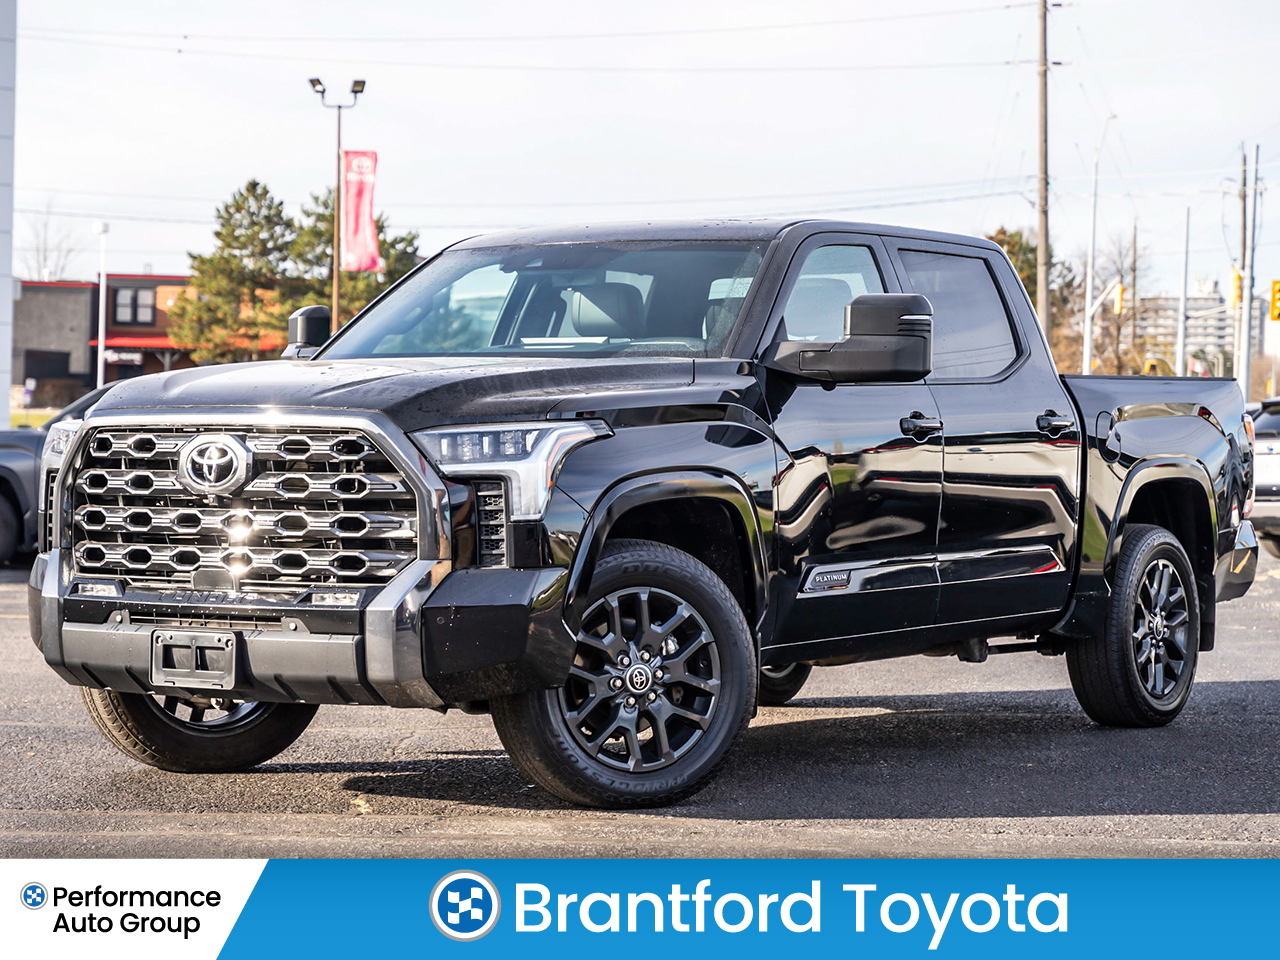 2022 Toyota Tundra SOLD - KEEP CHECKING BACK FOR INCOMING TUNDRA'S
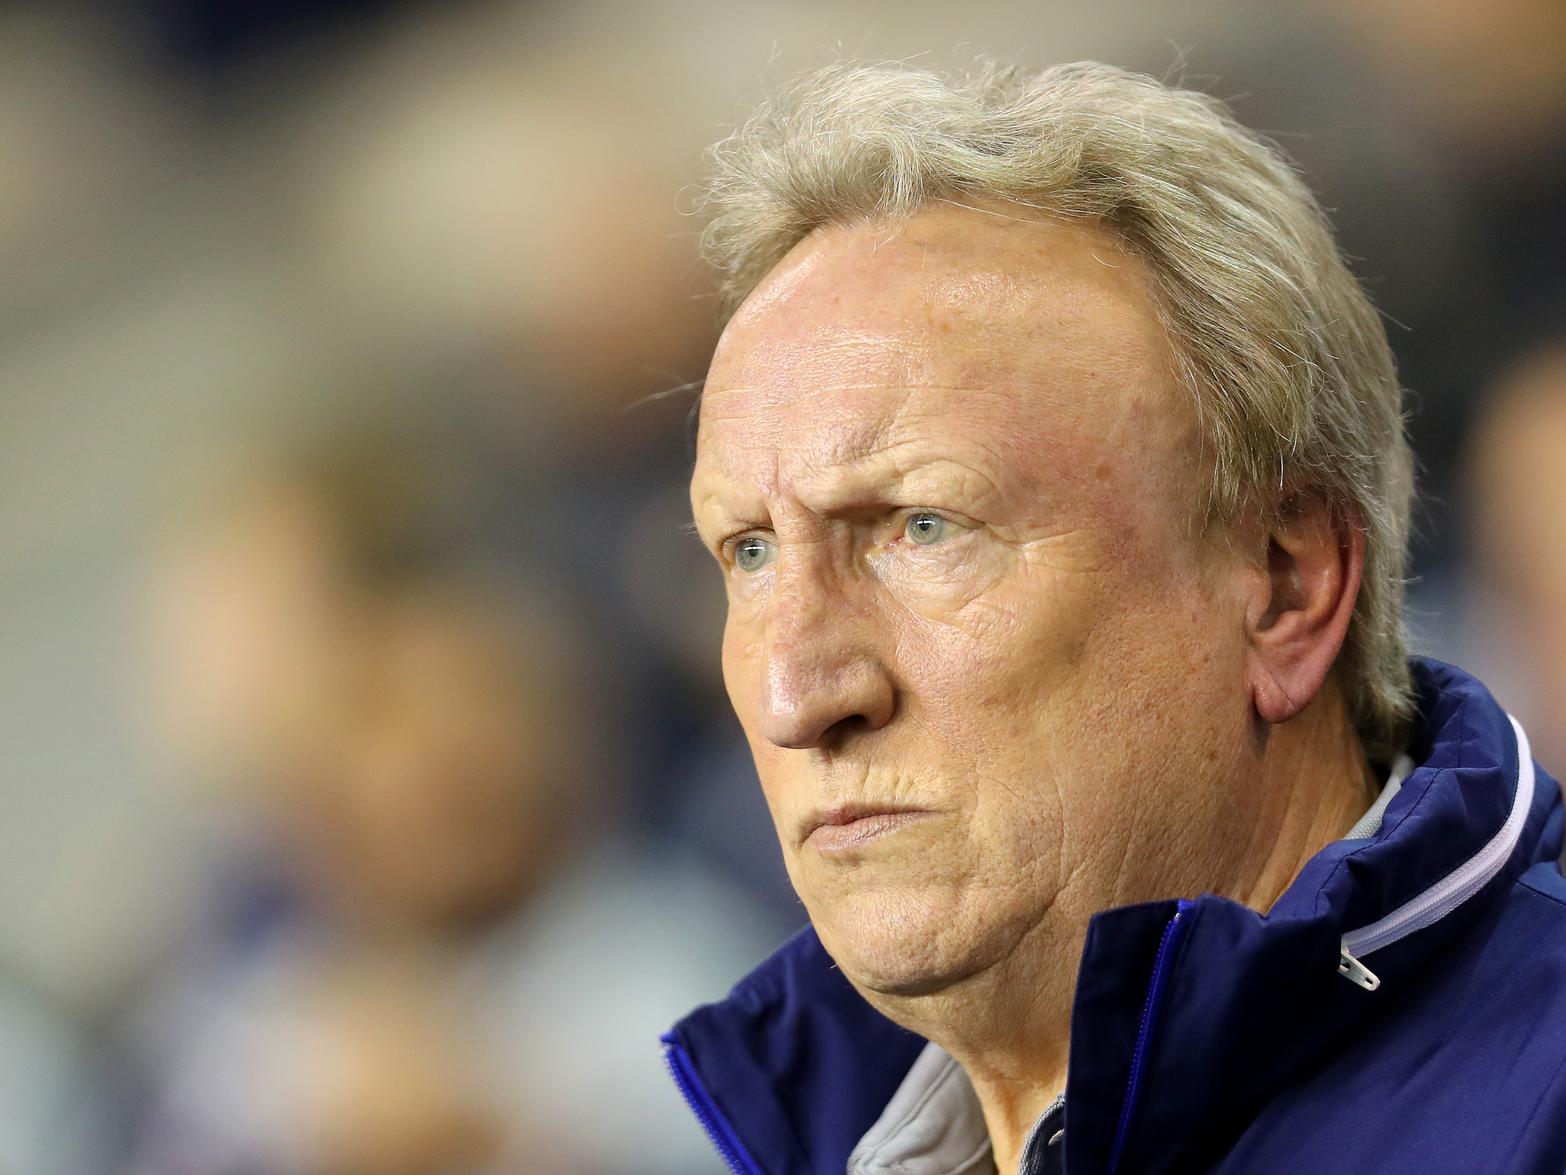 Cardiff City boss Neil Warnock aimed a dig at Swansea City fans following his side's 1-0 loss to their Welsh rivals on Sunday, claiming that their supporters created a subdued atmosphere for the derby clash. (Wales Online)
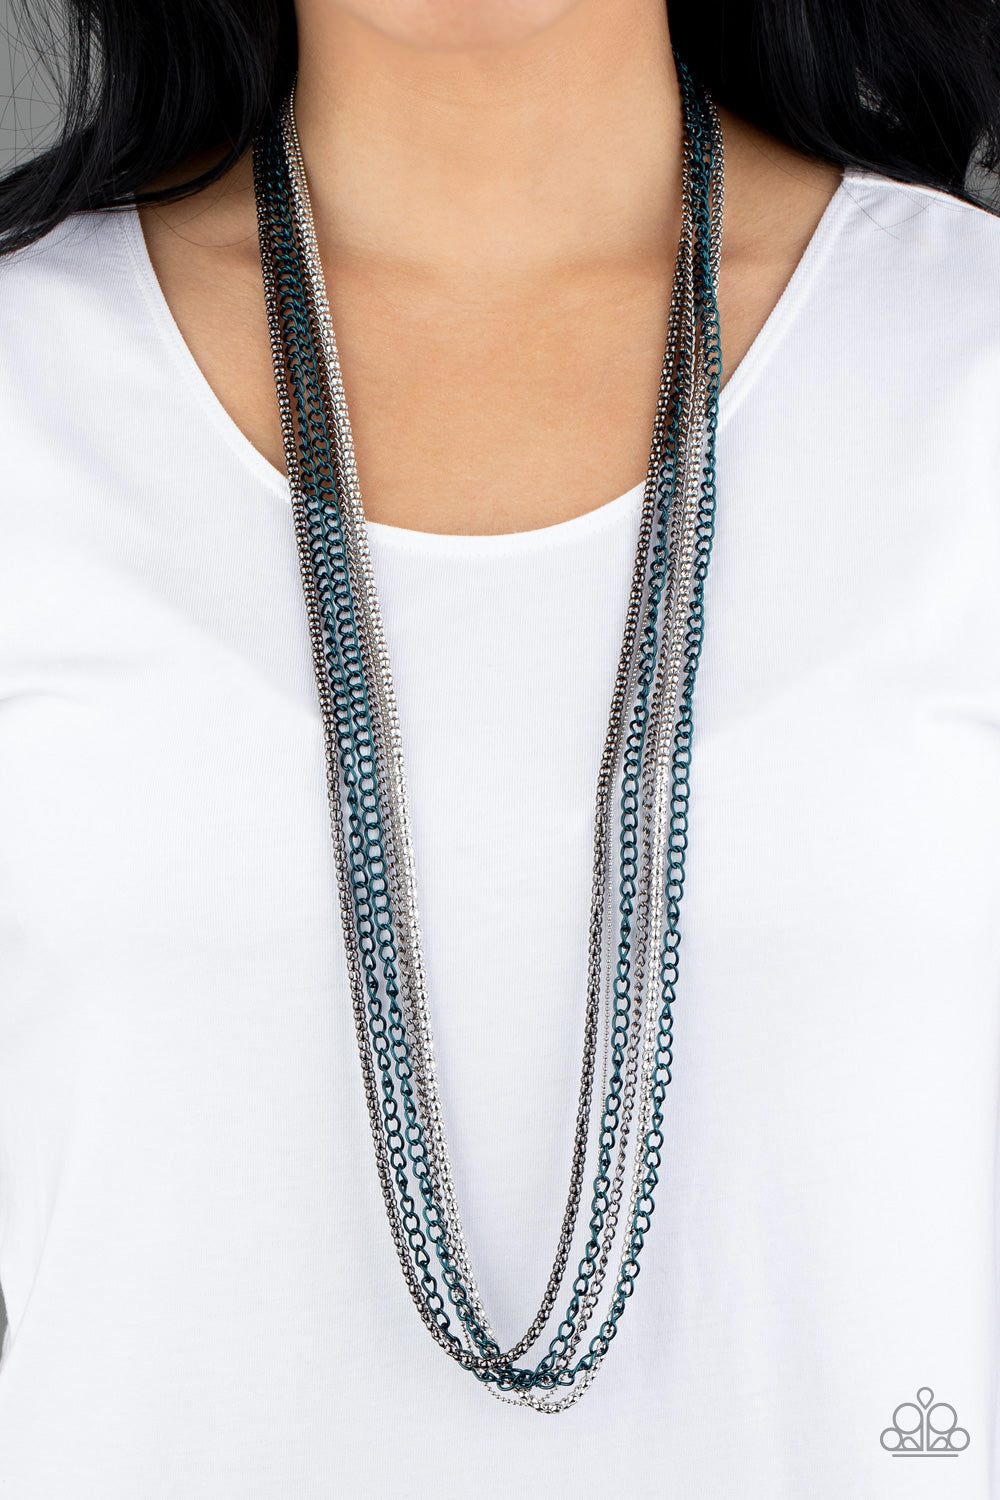 Paparazzi Accessories - Colorful Calamity - Blue Necklace
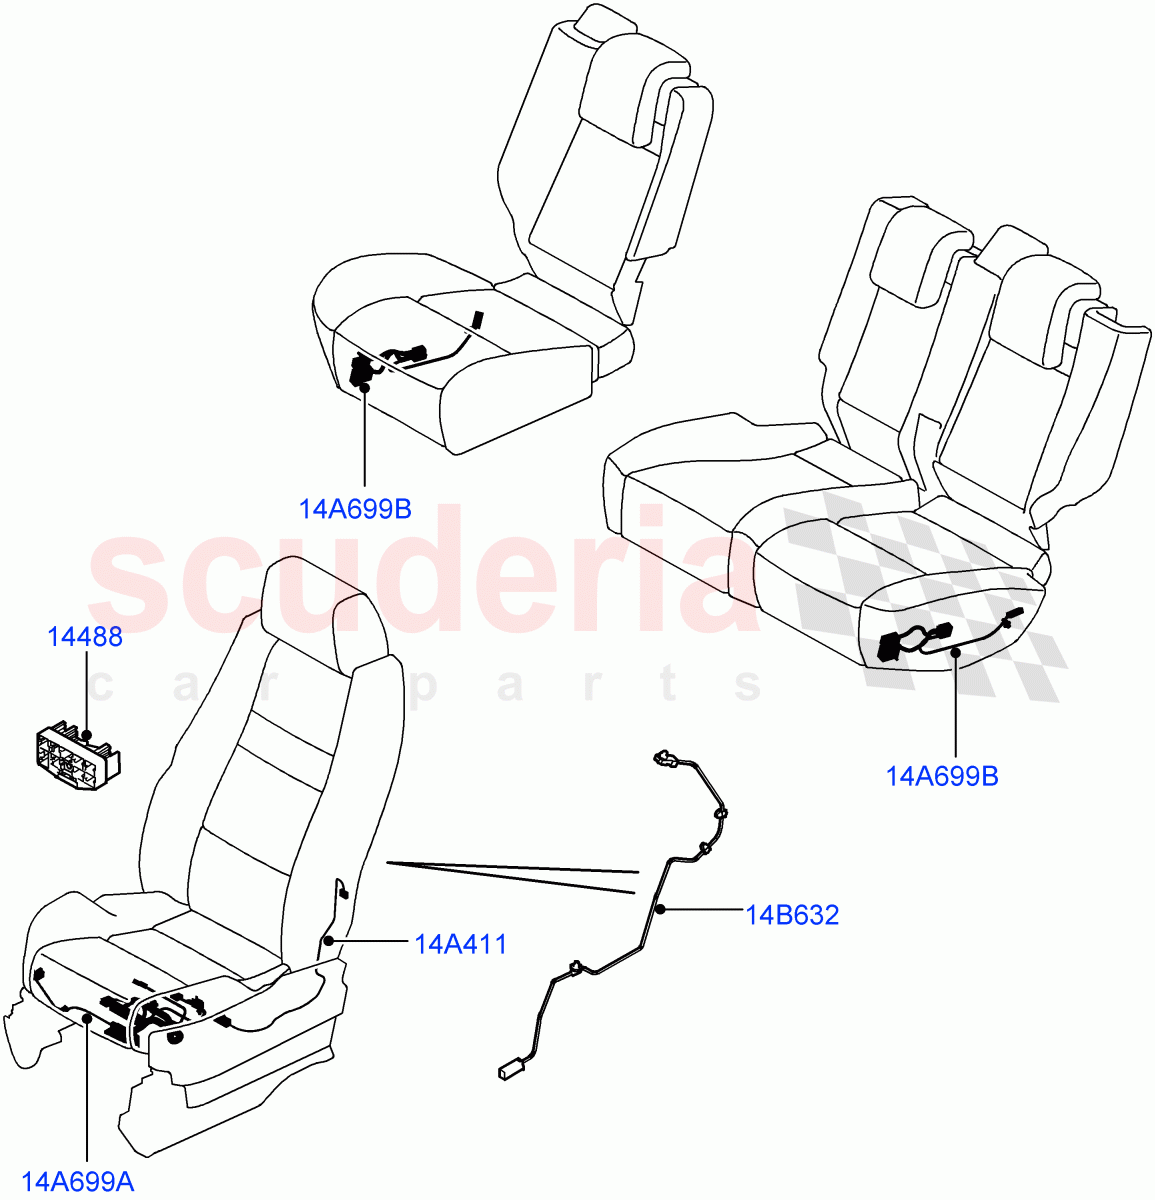 Electrical Wiring - Body And Rear(Seats)((V)TO9A999999) of Land Rover Land Rover Range Rover Sport (2005-2009) [3.6 V8 32V DOHC EFI Diesel]
•••
Problem statement → The expected answer is the full listing above, transcribed exactly and without pictures.

Result →
 2022 Toyota Tundra SOLD - KEEP CHECKING BACK FOR INCOMING TUNDRA'S
 Cardiff City boss Neil Warnock aimed a dig at Swansea City fans following his side's 1-0 loss to their Welsh rivals on Sunday, claiming that their supporters created a subdued atmosphere for the derby clash. (Wales Online)
 Paparazzi Accessories - Colorful Calamity - Blue Necklace
 Electrical Wiring - Body And Rear(Seats)((V)TO9A999999) of Land Rover Land Rover Range Rover Sport (2005-2009) [3.6 V8 32V DOHC EFI Diesel]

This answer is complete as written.